The Organizers of SWNYC

—————————————————-

Folks who spoke at our rally:

Stephanie Lane Sutton, Eboni Hogan, and Emily Kahan Trenchard (poets)

Kenyon Farrow (Queers for Economic Justice)

Amber Stewart (Radical Women)

Audacia Ray (Red Umbrella)

Sarah Patterson (Sex Worker’s Outreach Project)

Lourdes Hunter (Community Activist)

Mariah Lopez (STARR)

Chloe Angyal (Feministing)

Nancy Schwartzmann (The Line Campaign)

Ceyenne Doroshow (Trans Community Activist)

Jen Roesch (ISO)

Suzy Exposito, Kimberlynn Acevedo, Jaime Barak, Anoushka Ratnarajah (SWNYC MC’s)

N.B. Kimberlynn Acevedo’s and Anoushka Ratnarajah’s responses are not the official SlutWalk NYC response to and apology for the sign (which will be published shortly after this post). One individual never speaks for us. We are a collective with a non-hierarchical structure. We thought it would be good to share some of the individual responses to the sign that have been circulating on our listserv and being discussed in our organizing body. Our collective is comprised of equally valid and important identities and voices and individuals and we support and appreciate their words.

“An Open Letter to SlutWalk NYC and its Critiques, from One of Your Own,” by Anoushka Ratnarajah

This is an individual response.

*When I refer to women I am referring to all self-identified women.

Dear Community:

An Open Letter to SlutWalk NYC and its Critiques, from One of Your Own.

First, let me situate myself.
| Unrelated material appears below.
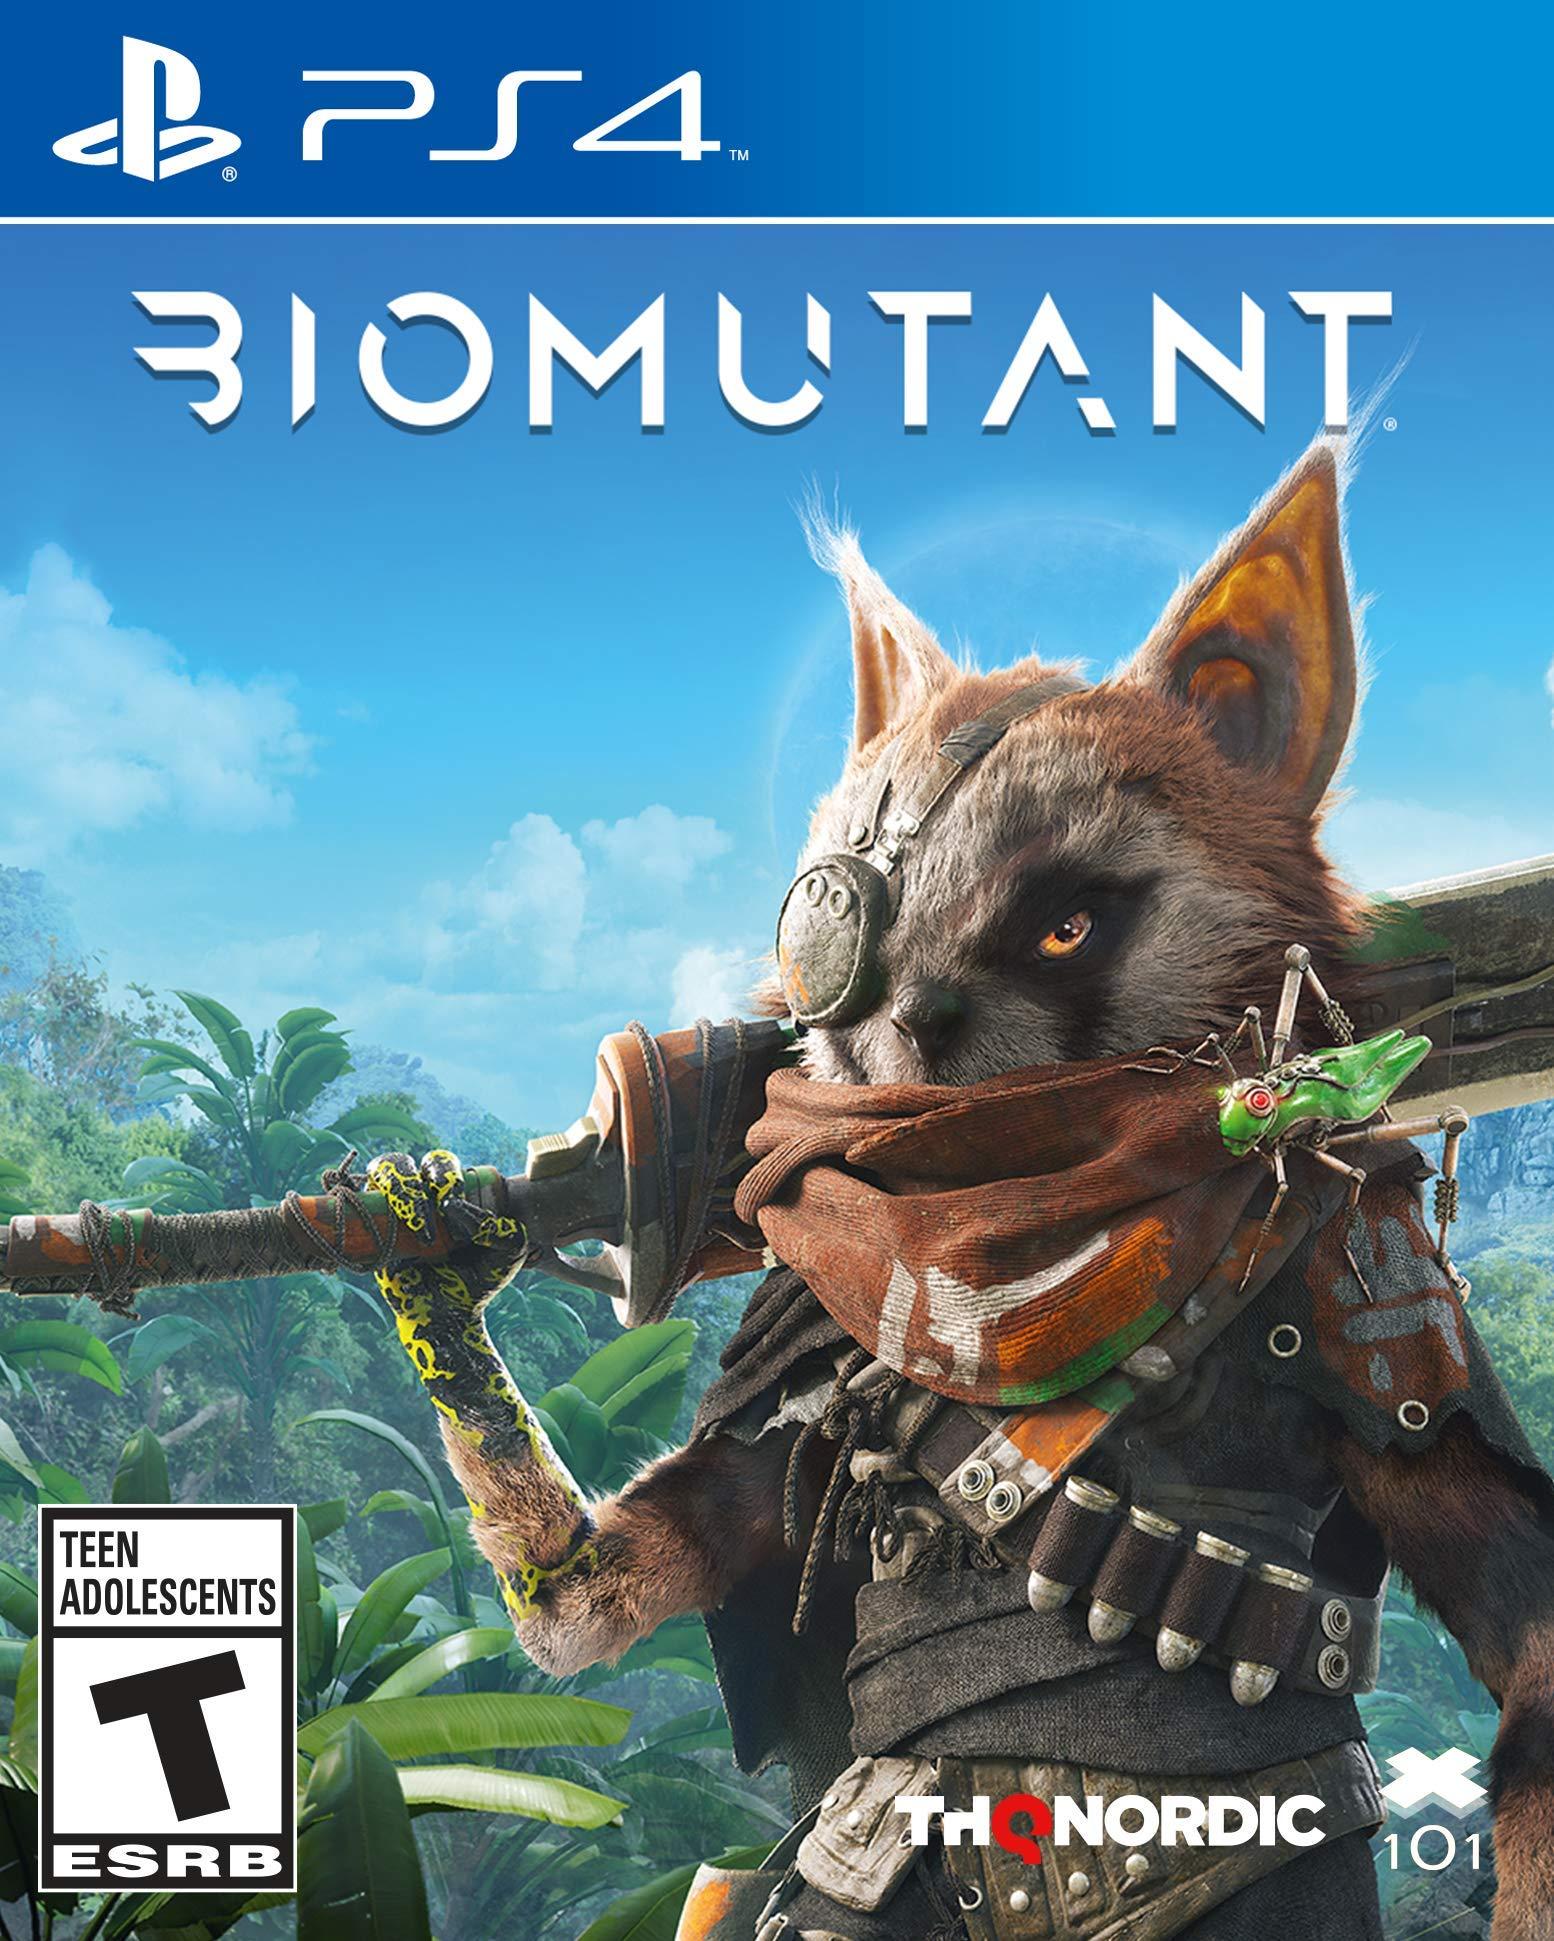 Poster. Biomutant

When I say I am one of your own, here is what I mean: I am one of the organizers who brought about SlutWalk NYC, the march and the rally and the events that preceded them. I am also someone who has been critical of SlutWalk, both from without and within the organizing body.

I am a woman of colour, who is also bi-racial, who is also queer, who is also a femme—- and who is also cis, ablebodied, middle-class and post-secondary educated. Like most people, I experience a complex variety of privileges and marginalization every day. And I bring my positions of privilege and marginalization into every space I occupy—they are in every sentence I write and utter.
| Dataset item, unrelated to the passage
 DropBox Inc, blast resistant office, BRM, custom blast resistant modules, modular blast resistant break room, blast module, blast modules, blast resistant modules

When I decided to take part in the organizing of the SlutWalk march and rally in New York City, I was already very much aware of the critiques of the action. But I am a feminist, and an anti-violence activist, and I wanted to see for myself what this organizing would look like, because I have a stake in it. And because I personally don’t want any feminist movement to be exclusively by and for privileged bodies and identities. Because I believe in the importance of allied work and as committed to it as I am to the very real need for marginalized folks to have our own exclusive spaces to share rage and love.

I don’t personally identify as a slut. I know a lot of folks who do though. I also get that the reclamation of that word on an individual basis carries with it a great deal of privilege. It is because I am a woman of colour and because I am queer that I personally cannot and will not re-claim this word. It has been used to sexualize me and shame me, and sexualize and shame my ancestors, and my sisters in struggle. It carries in it a deep pain that you cannot know unless you also carry that history of colonization and slavery and rape. I carry this history with me, though it is not the same history that many of the folks who have critiqued SlutWalk carry with them. I am not African american, I am not black, I can only hope and work towards being the best ally to those folks as possible.
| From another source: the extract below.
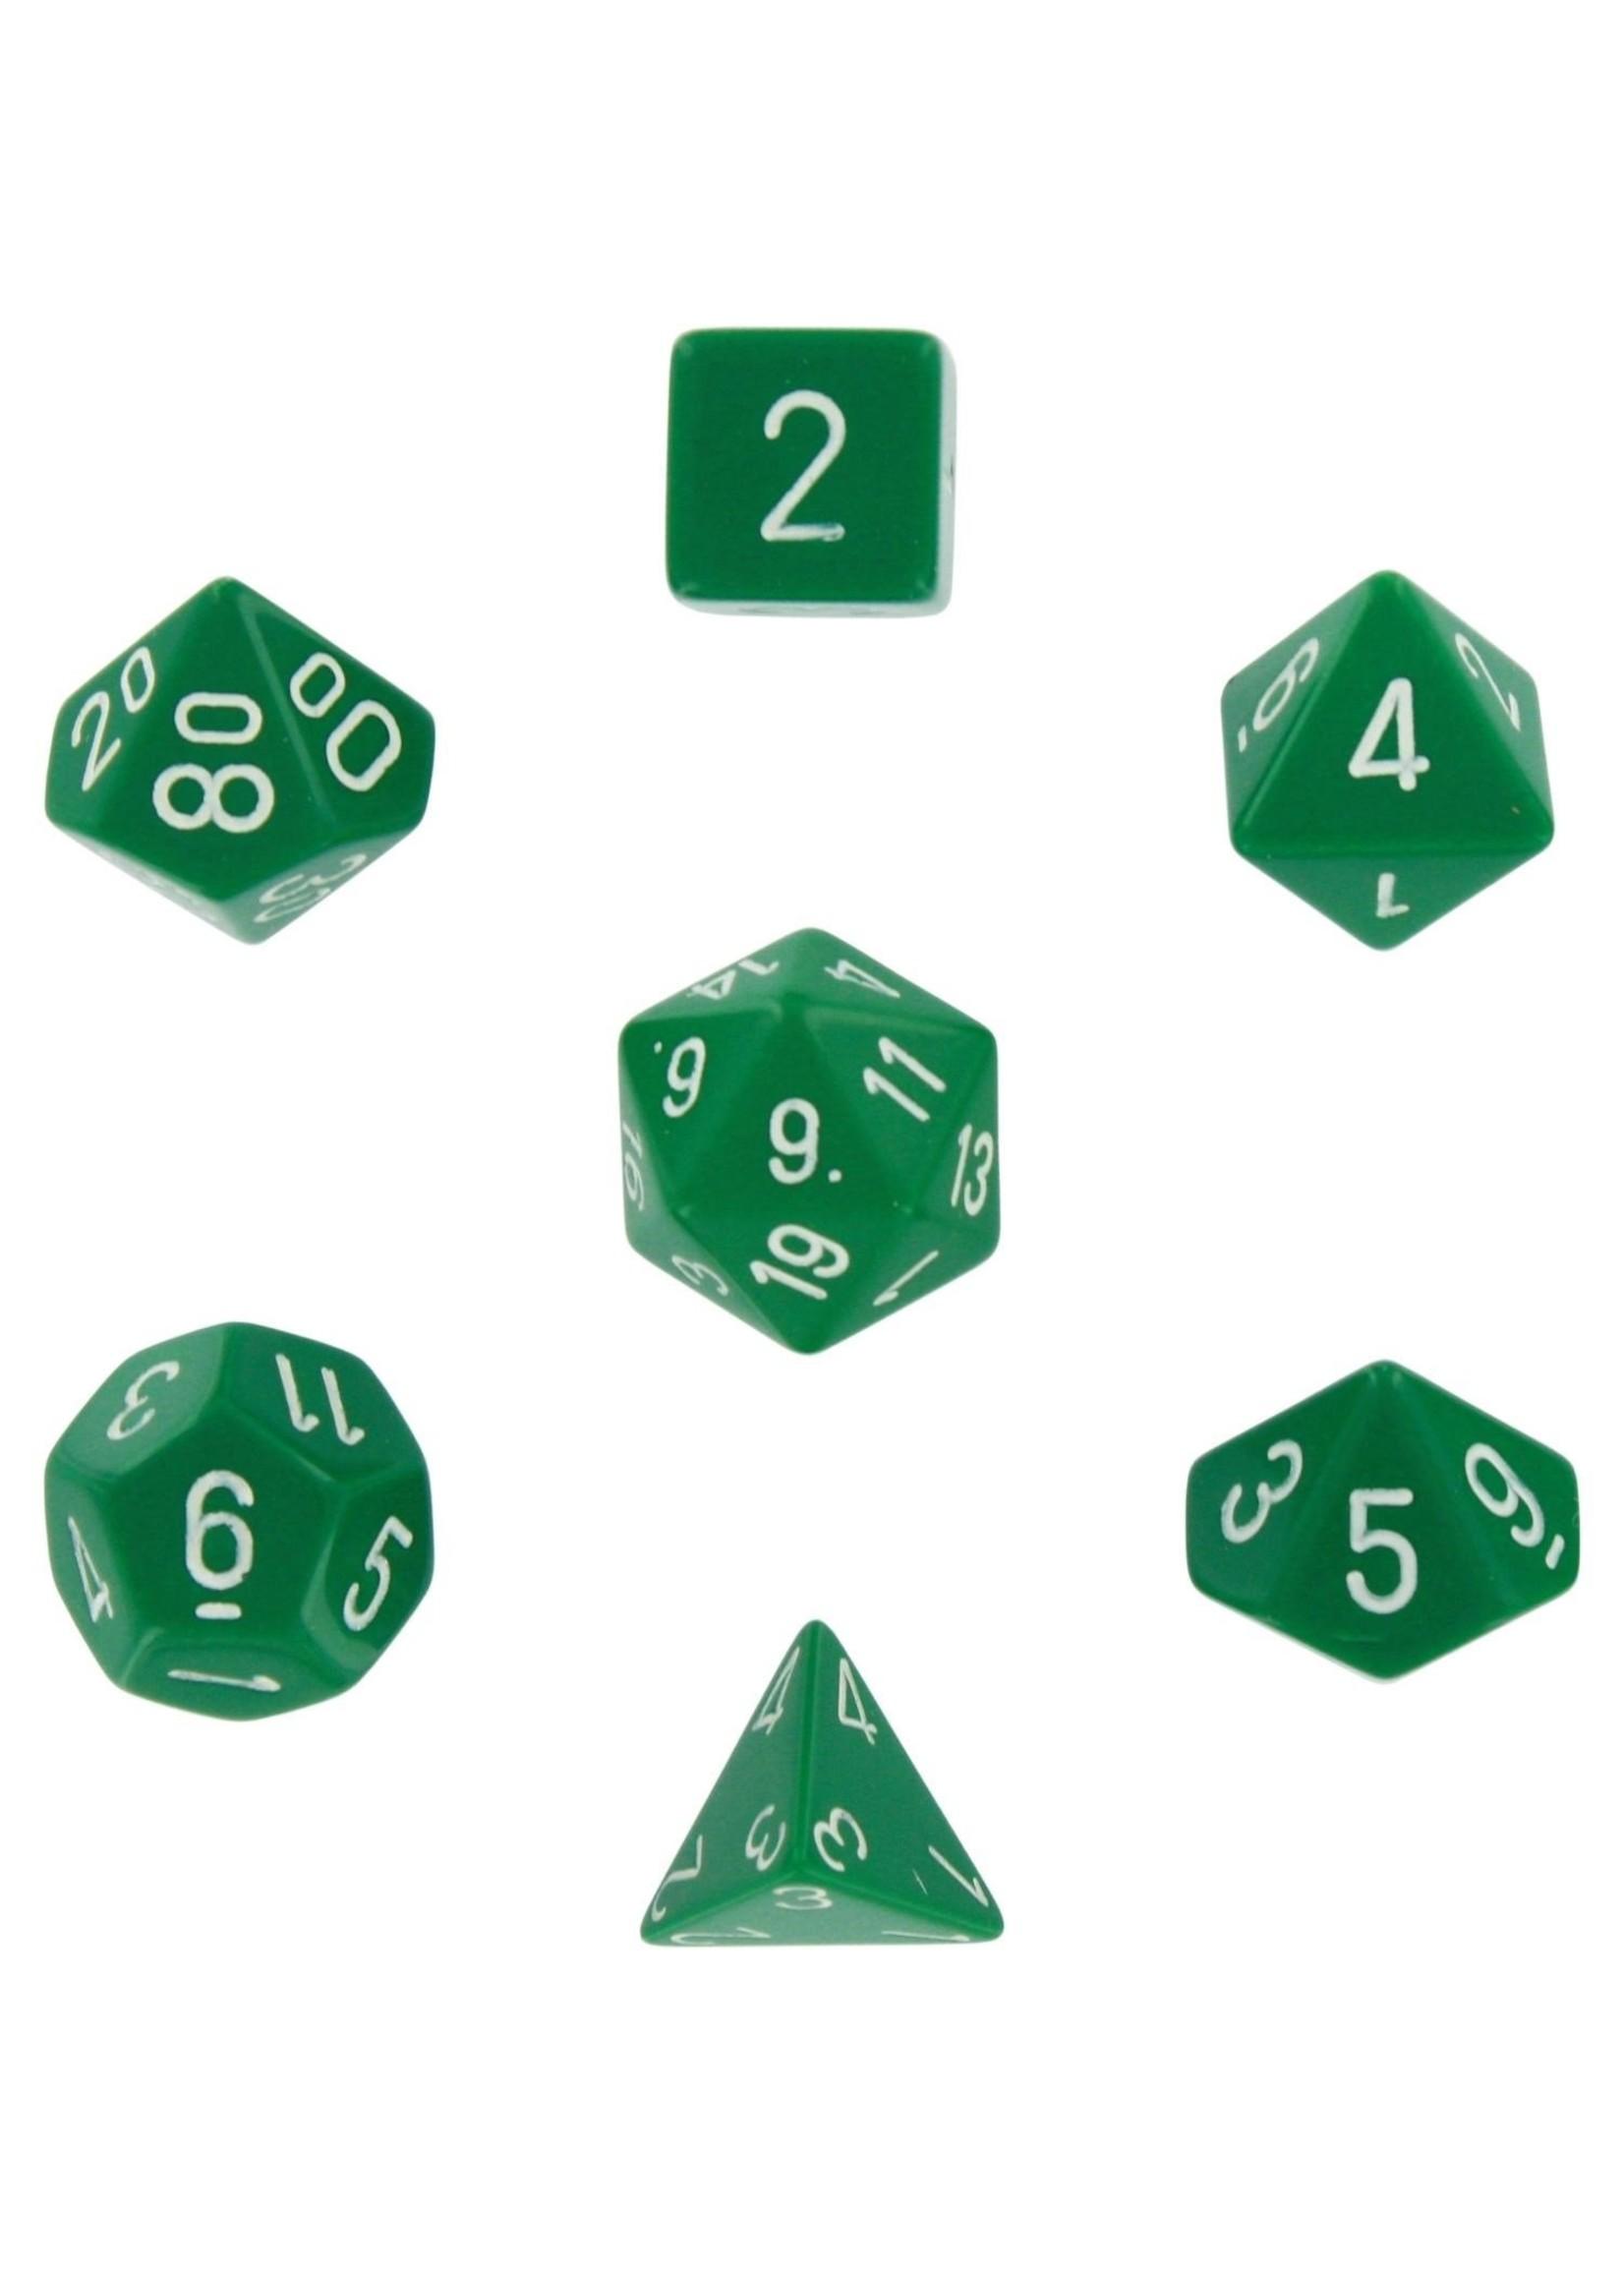 CHX 25405 Dice Green/white

My mother is white, my father is Tamil. My father’s people have had genocide committed against them—they are still dying. They are living in poverty. They are child soldiers, they are being raped, living in refugee camps, displaced in their own nation and across the globe. When they flee to find safety they are deemed terrorists and are held in detention centres. And my mother’s people are the people that colonized and raped the globe. So that’s where I am from; a complicated position of being westernized and also racialized, of being racially oppressed; being stereotyped as part of a “model minority” in order to pit me and my people against black folks; being taught to reach for desirable whiteness; being colonized and decolonizing myself.

There were over fifty people in that first meeting. The critiques of previous SlutWalks were in the room and on everyone’s tongue.